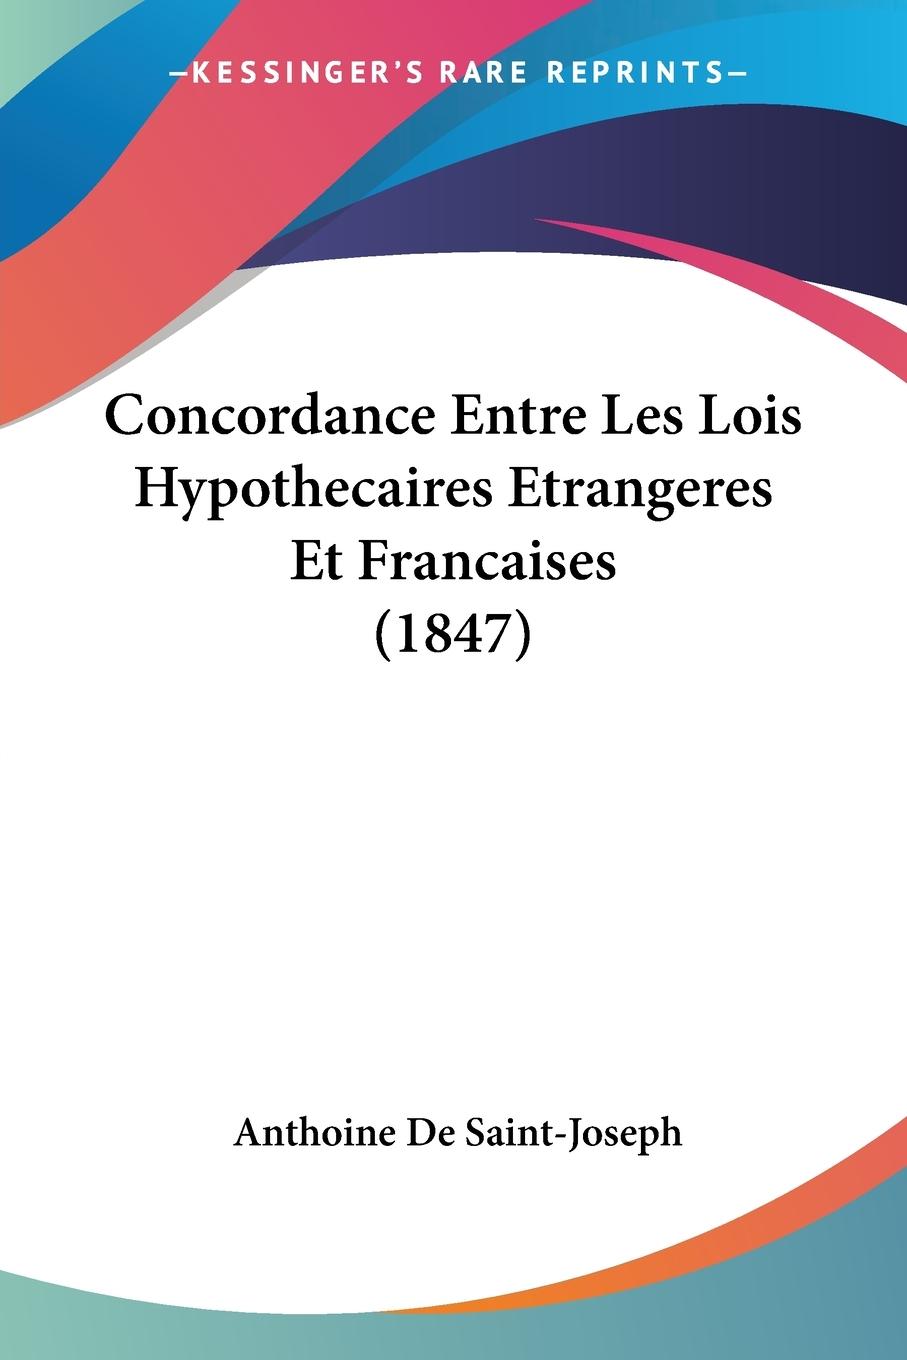 Concordance Entre Les Lois Hypothecaires Etrangeres Et Francaises (1847) - De Saint-Joseph, Anthoine
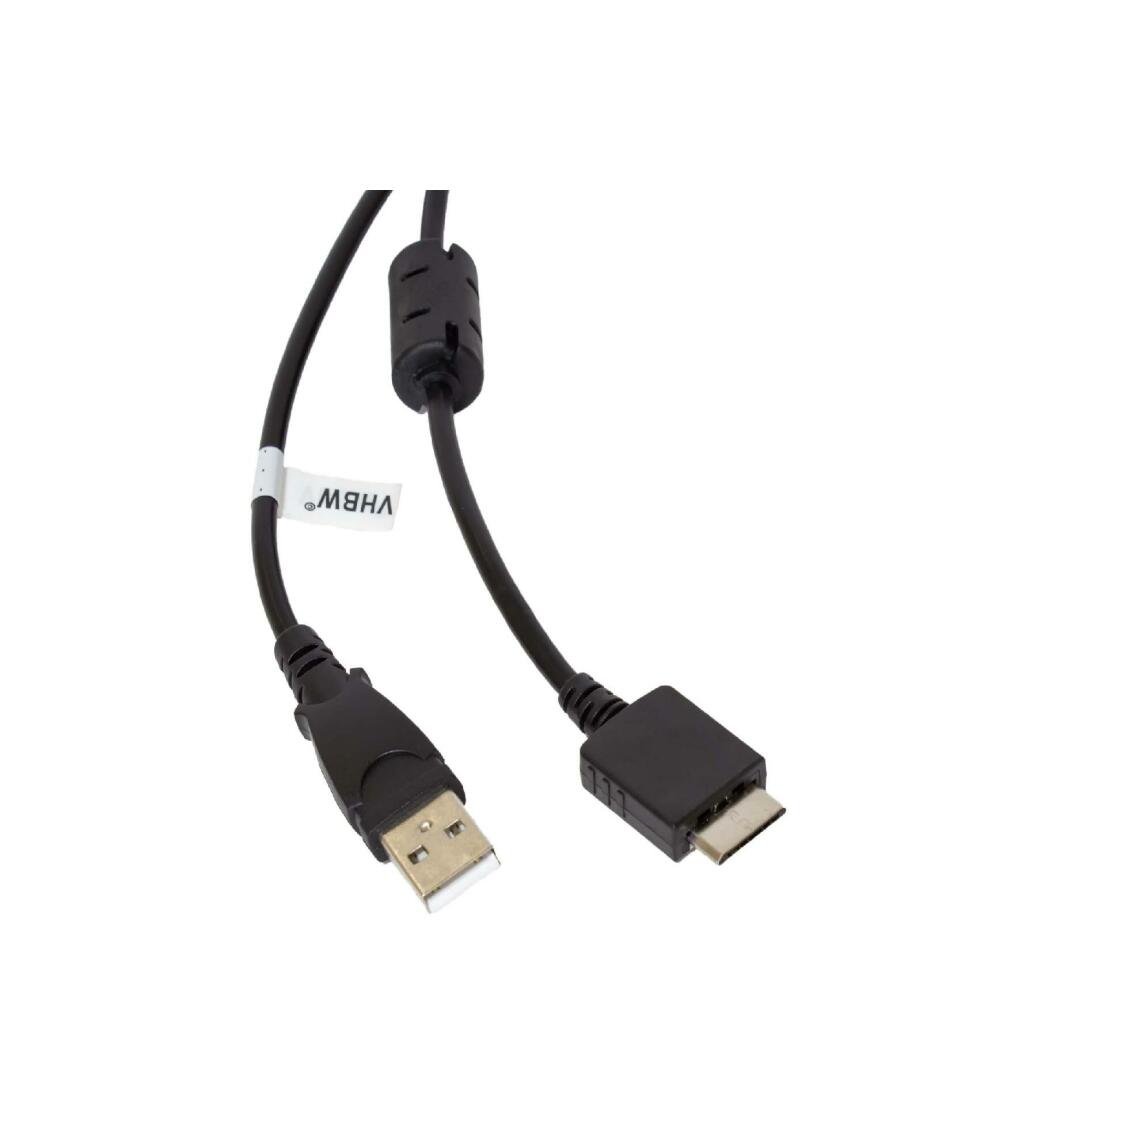 Vhbw - vhbw câble de données USB (type A sur lecteur MP3) câble de chargement compatible avec Sony Walkman NW-A828, NW-A829 lecteur MP3 - noir, 150cm - Alimentation modulaire
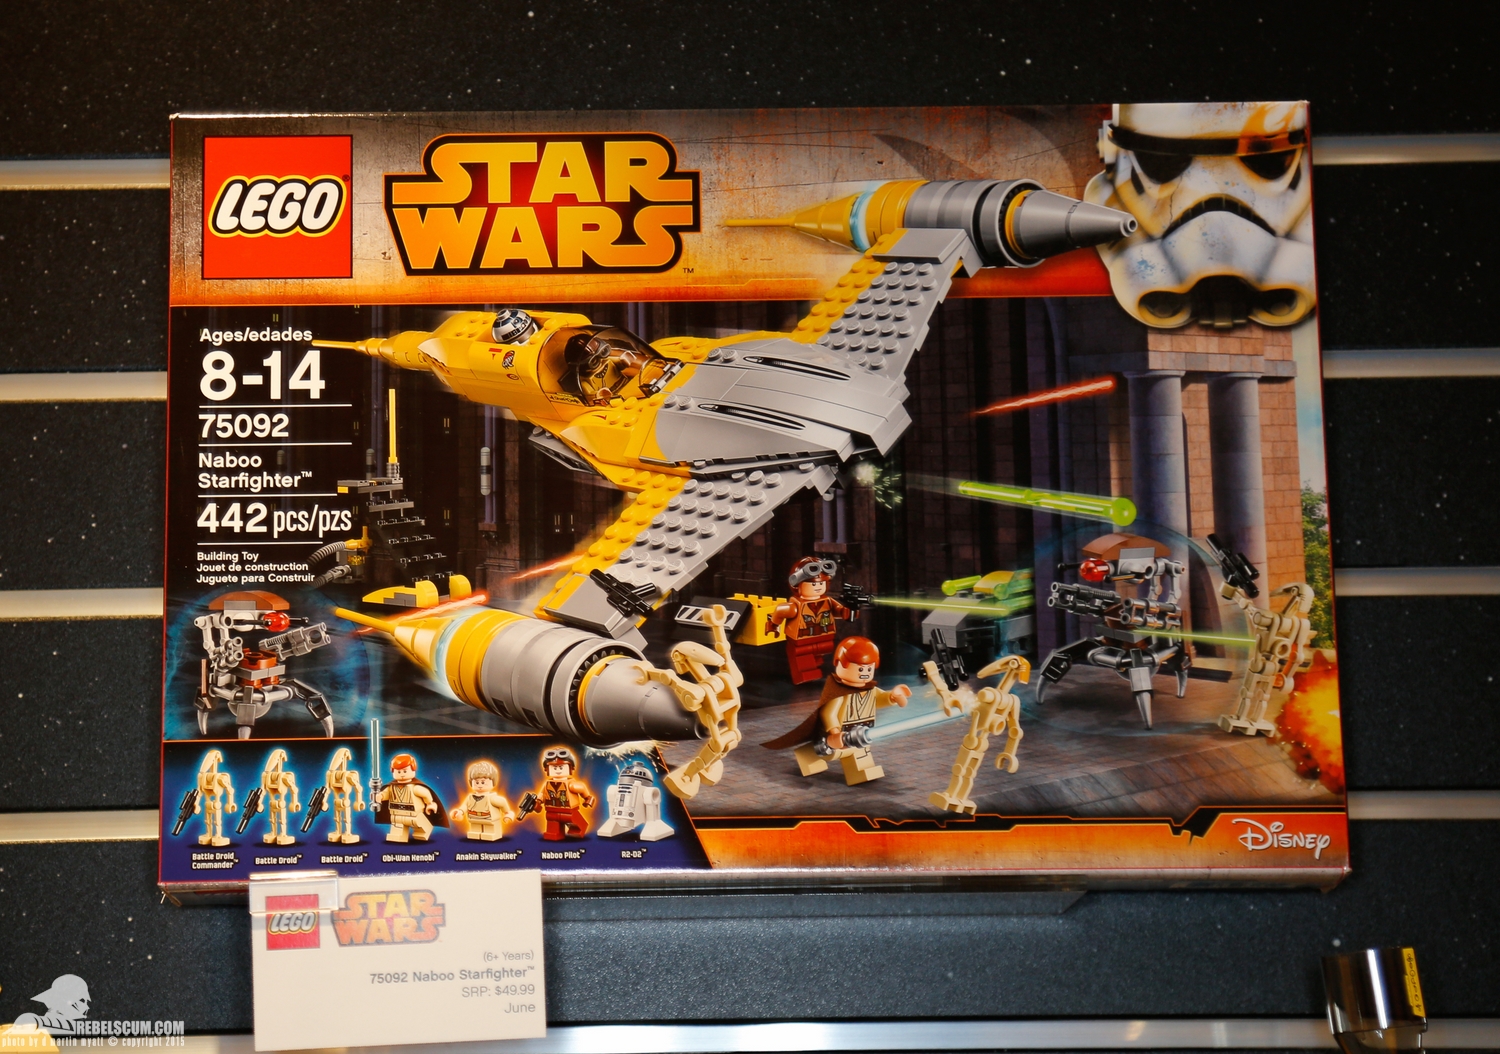 2015-International-Toy-Fair-Star-Wars-Lego-079.jpg
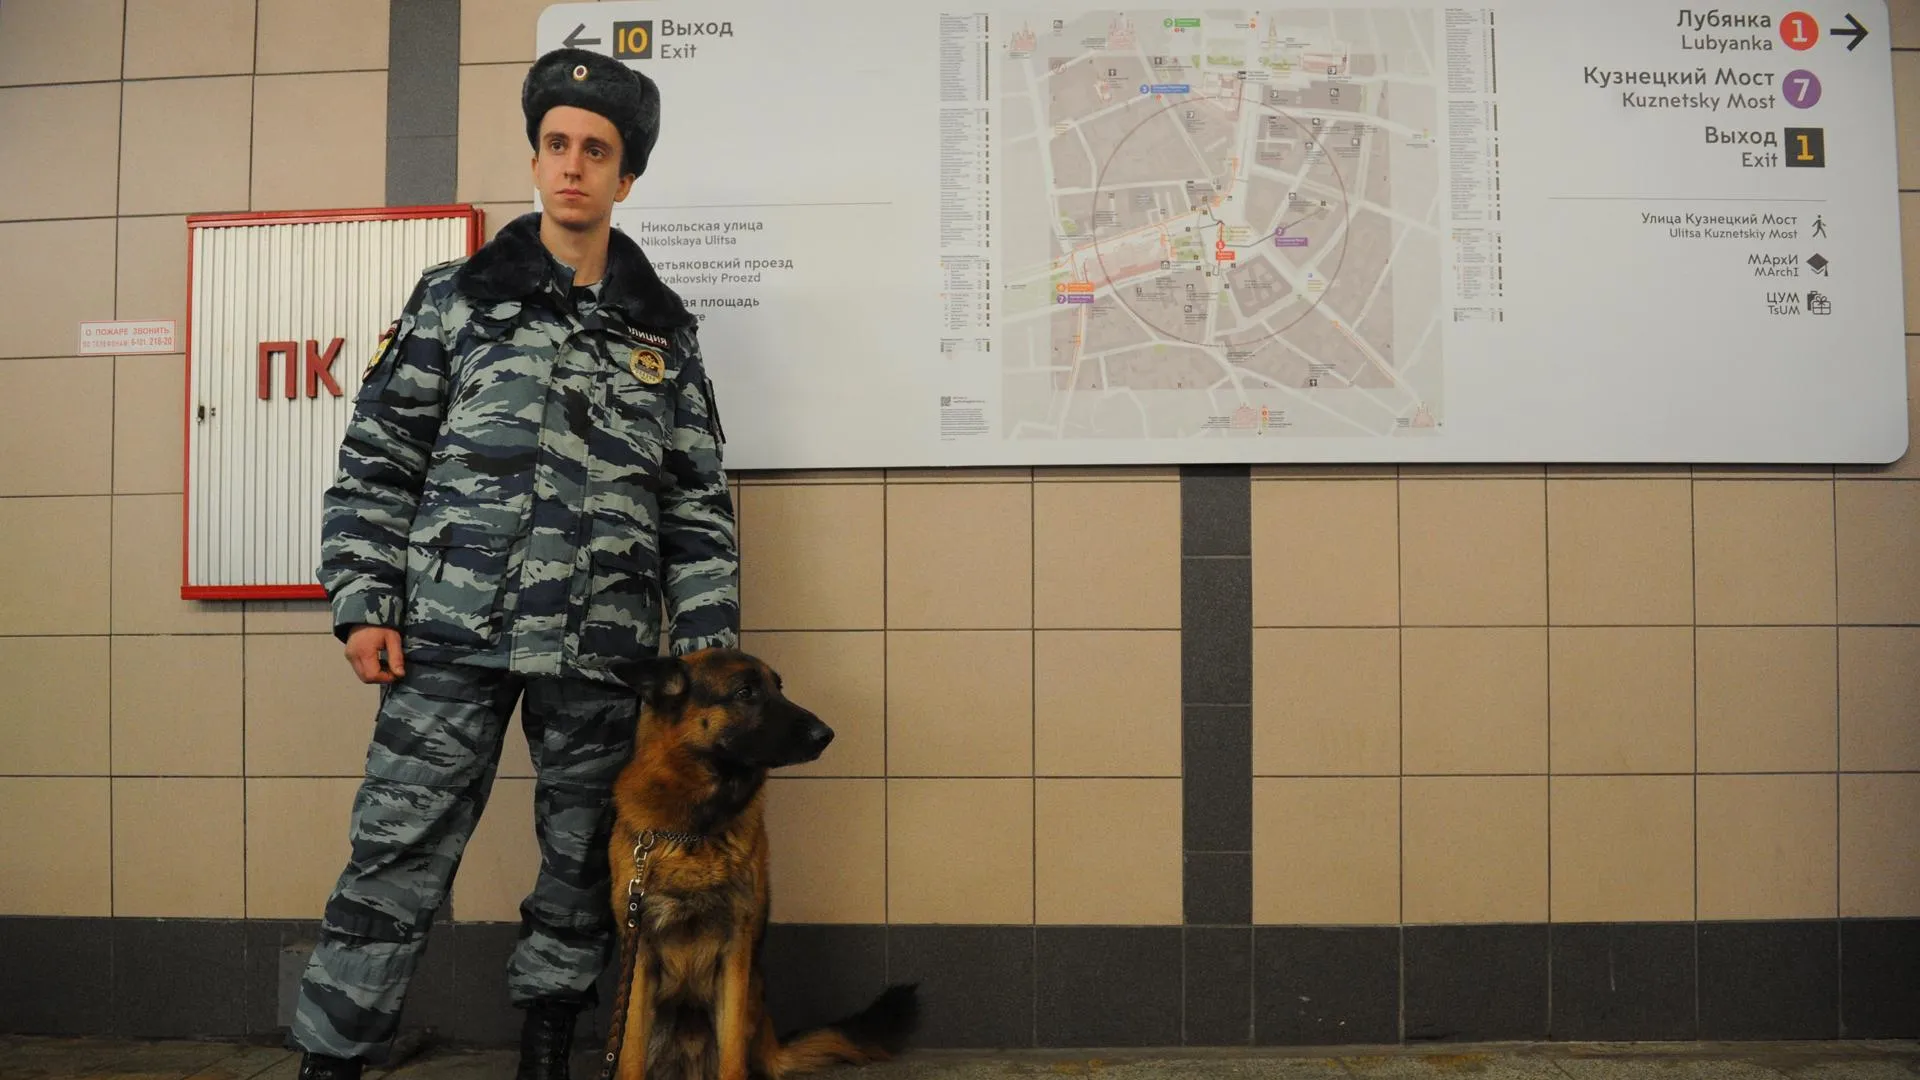 Метро Москвы продолжает работать в режиме усиленных мер безопасности

---+---

WHAT YOU HAVE TO DO ▸ Beginning with the line holding "Vhbw - vhbw" in the material above, restate word for word each line through the line holding "2015-International-Toy-Fair-Star-Wars-Lego-079.jpg", and exclude pictures.

RESPONSE BOX ▸
 Vhbw - vhbw câble de données USB (type A sur lecteur MP3) câble de chargement compatible avec Sony Walkman NW-A828, NW-A829 lecteur MP3 - noir, 150cm - Alimentation modulaire
 2015-International-Toy-Fair-Star-Wars-Lego-079.jpg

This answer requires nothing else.